MATERIAL FOR THIS TASK:
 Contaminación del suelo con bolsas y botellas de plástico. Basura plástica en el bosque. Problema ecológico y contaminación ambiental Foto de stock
--
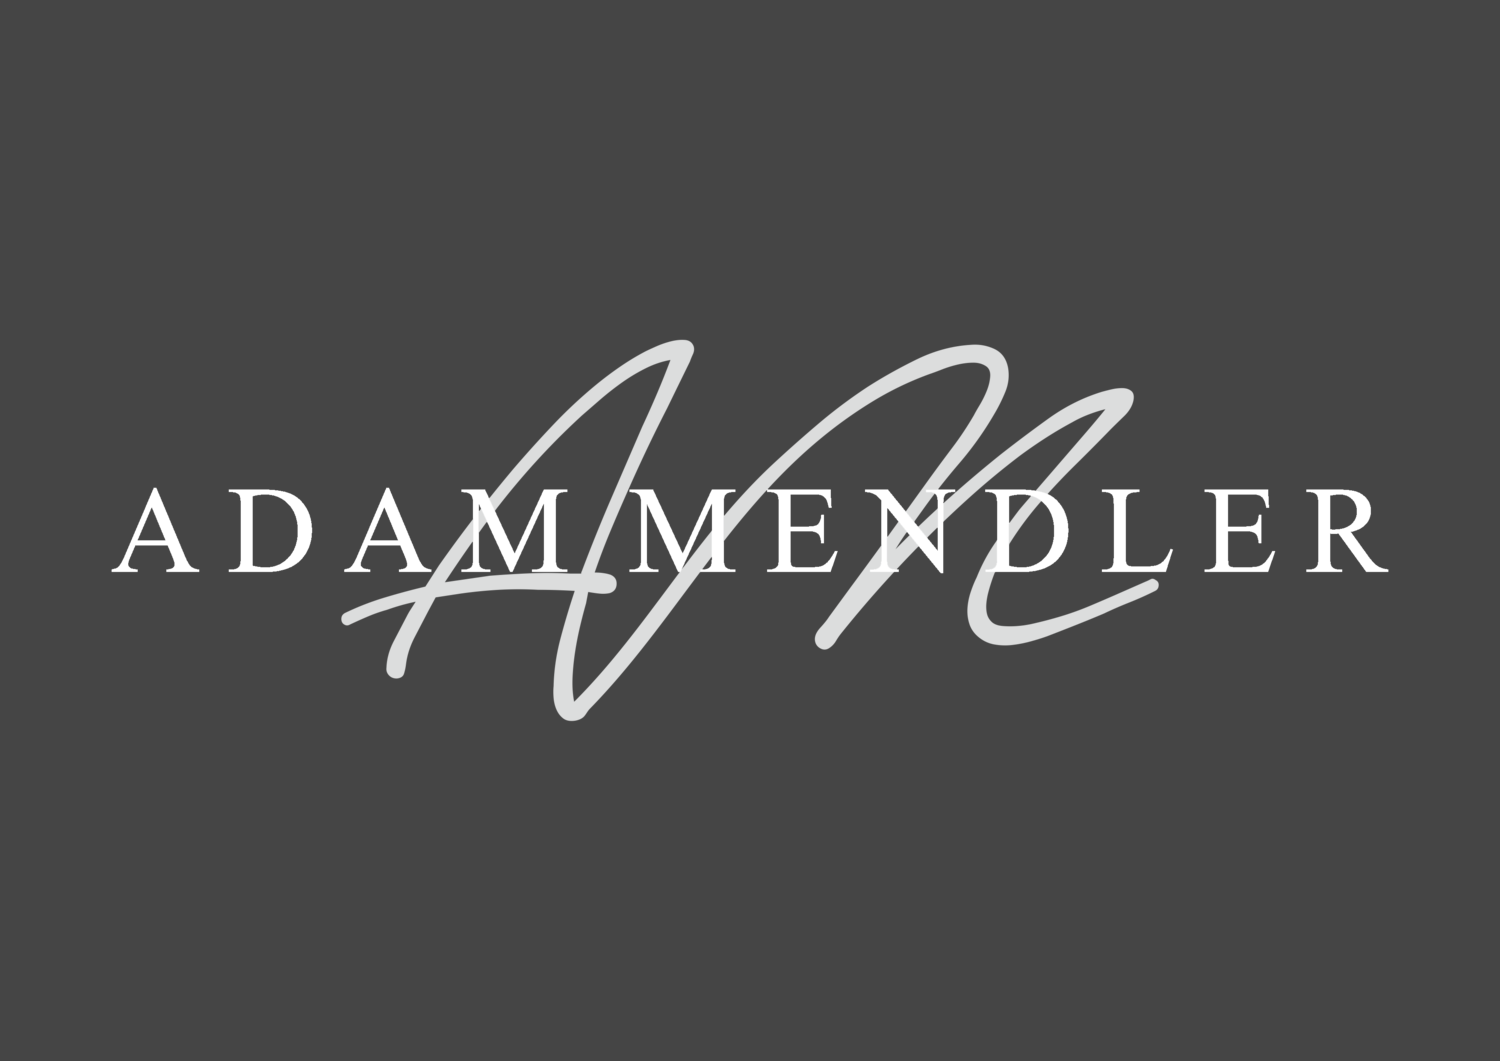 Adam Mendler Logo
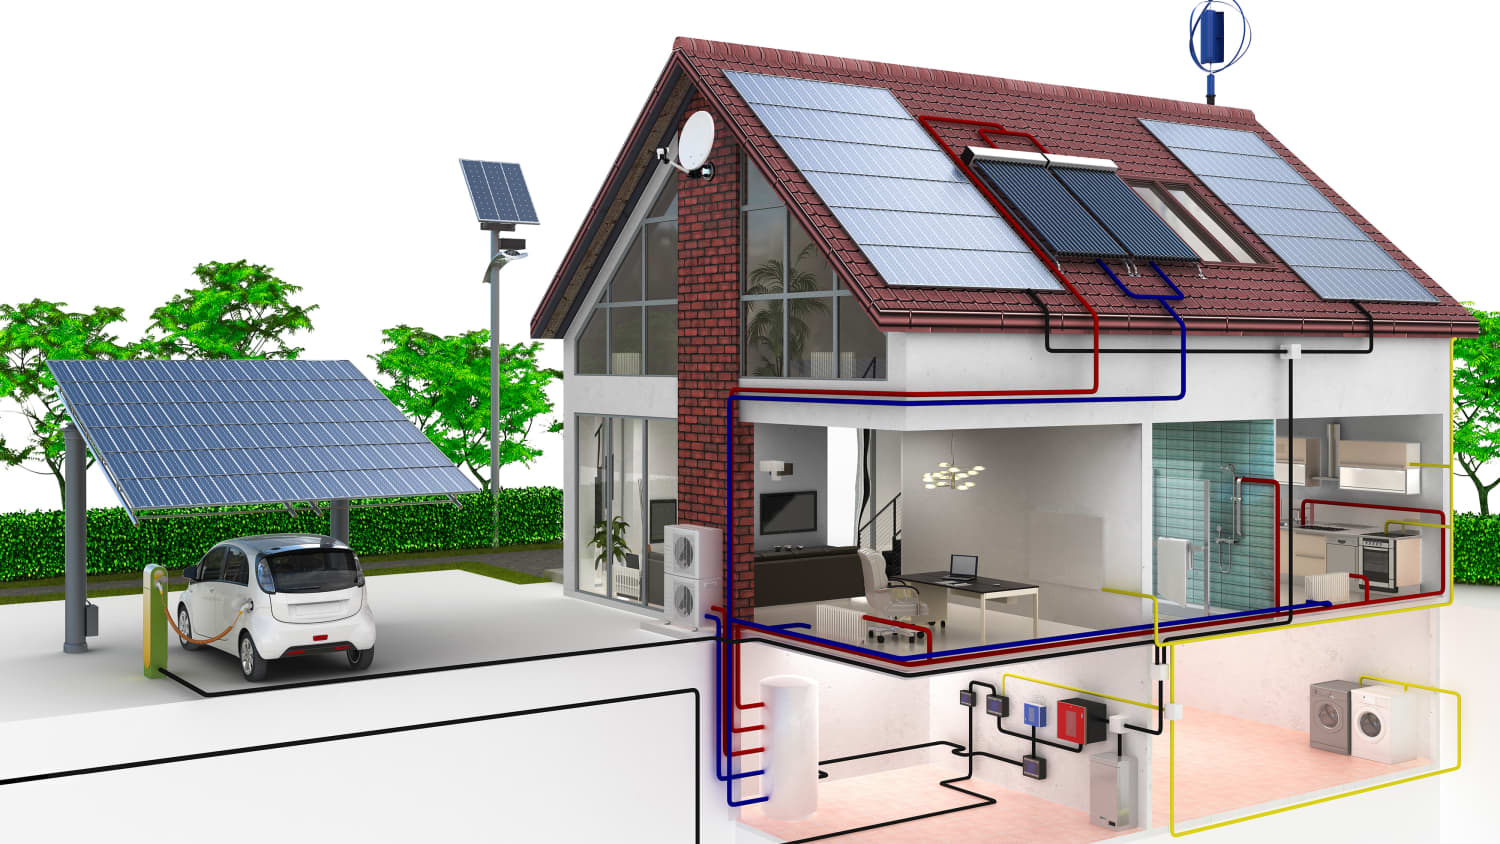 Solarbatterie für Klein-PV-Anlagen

ACTIVITY:
What is needed is an exact copy of the lines above from the one with "Adam Mendler Logo" to the one with "Solarbatterie für Klein-PV-Anlagen", both ends kept, and nothing more; please leave the pictures out.

TASK ANSWER:
 Adam Mendler Logo
 Solarbatterie für Klein-PV-Anlagen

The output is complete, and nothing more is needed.